The AAMC submitted comments on  the Patient Protection and Affordable Care Act (ACA) Notice of Benefit and Payment Parameters for 2023 proposed rule on Jan. 27. The letter outlined the association’s support to strengthen standards for qualified health plans (QHPs) offered through federally facilitated Exchanges and State-based Exchanges on the federal platform. 

In its comments, the AAMC noted that it is essential that QHP network standards be structured so that there are sufficient providers and facilities included in a plan’s network to ensure adequate access to a range of care, including specialty care, for consumers.

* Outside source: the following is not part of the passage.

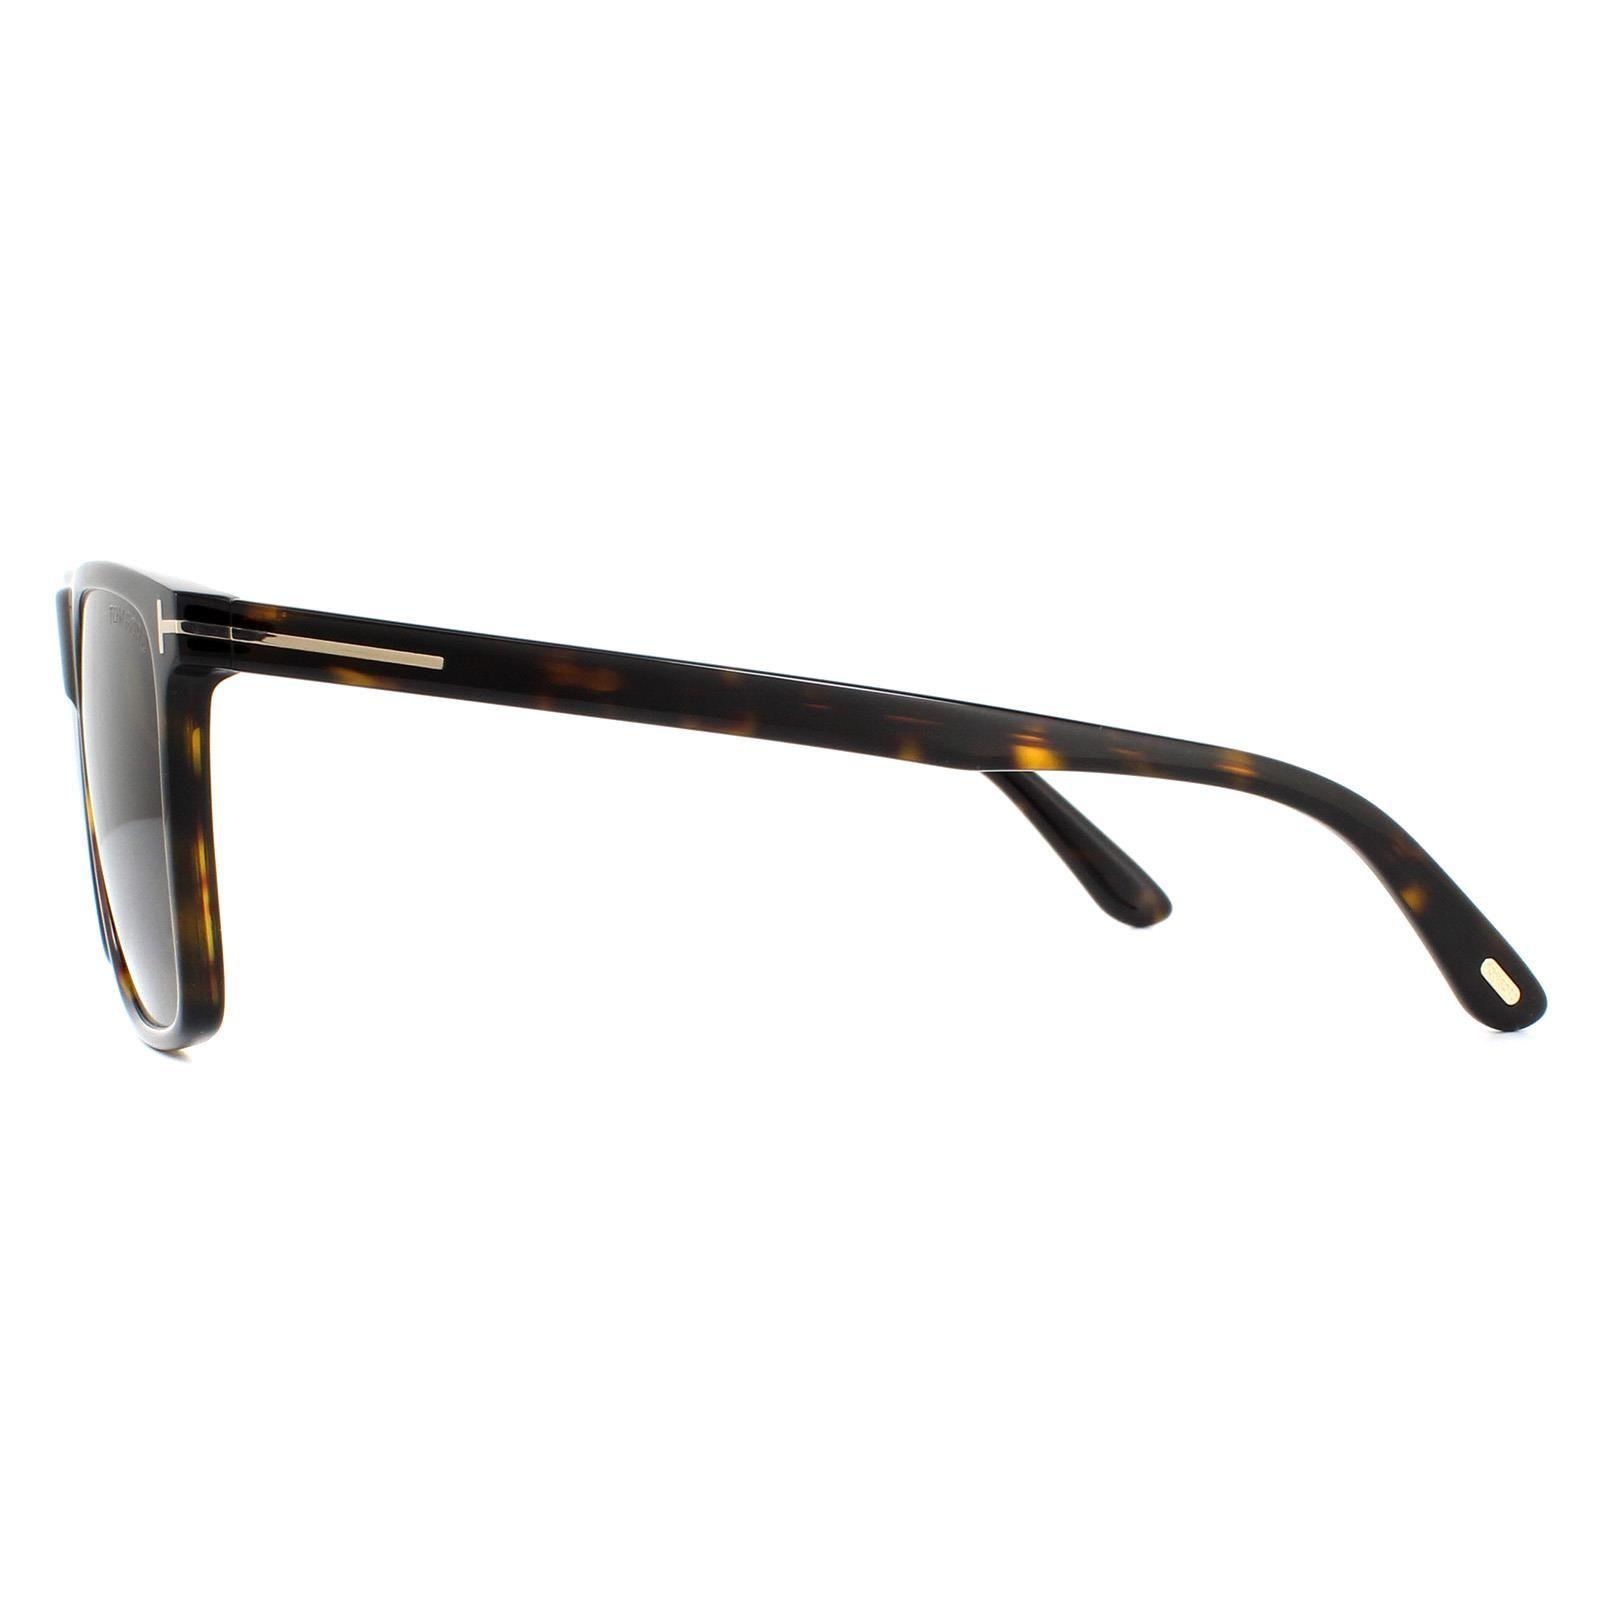 Tom Ford Sunglasses Fletcher FT0832 52J Dark Havana Roviex Brown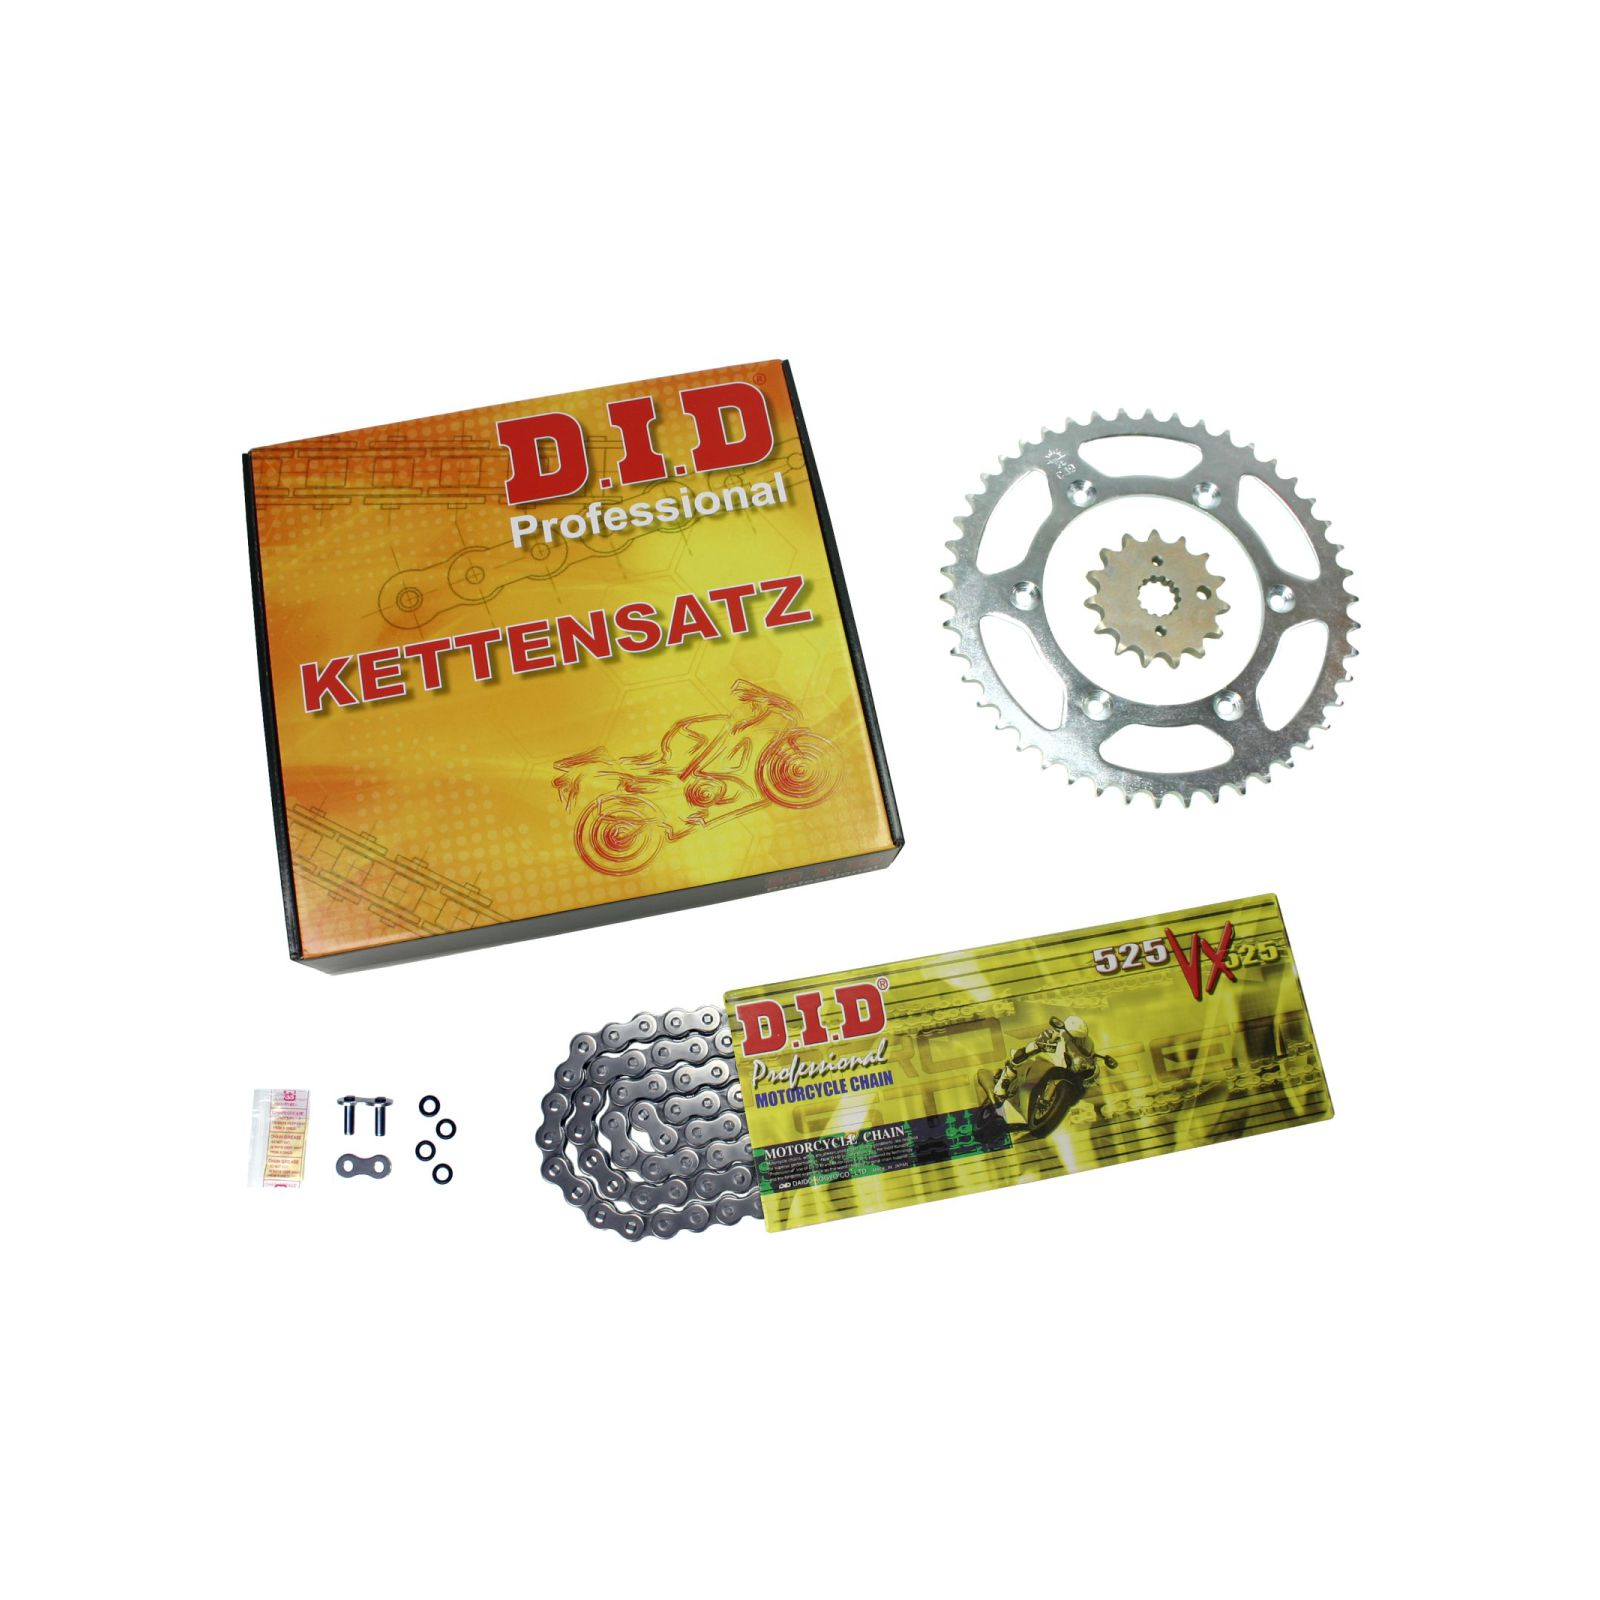 DID-VX-Kettensatz-Honda-CB-450-S-20-kW-Bj-86-89-PC17

Limiting patients’ access to certain providers can be particularly detrimental for patient groups that already suffer from disproportionate levels of disease and death.

The letter noted the association’s support for the expansion of telehealth services. The waivers put in place by the Centers for Medicare & Medicaid Services during the COVID-19 public health emergency  has allowed health care providers to quickly transition to using telehealth services to furnish needed care. This expanded use of telehealth services has enabled providers to maintain continuity of care and reach patients who may have difficulty accessing needed care during the public health emergency. However, the association believes it is premature to provide time and distance credits to QHPs for telehealth services.

Finally, the letter noted the association’s support of expanded collection and extraction of new data elements and stated that the additional data could be used to improve risk adjustment and promote equity in health insurance coverage.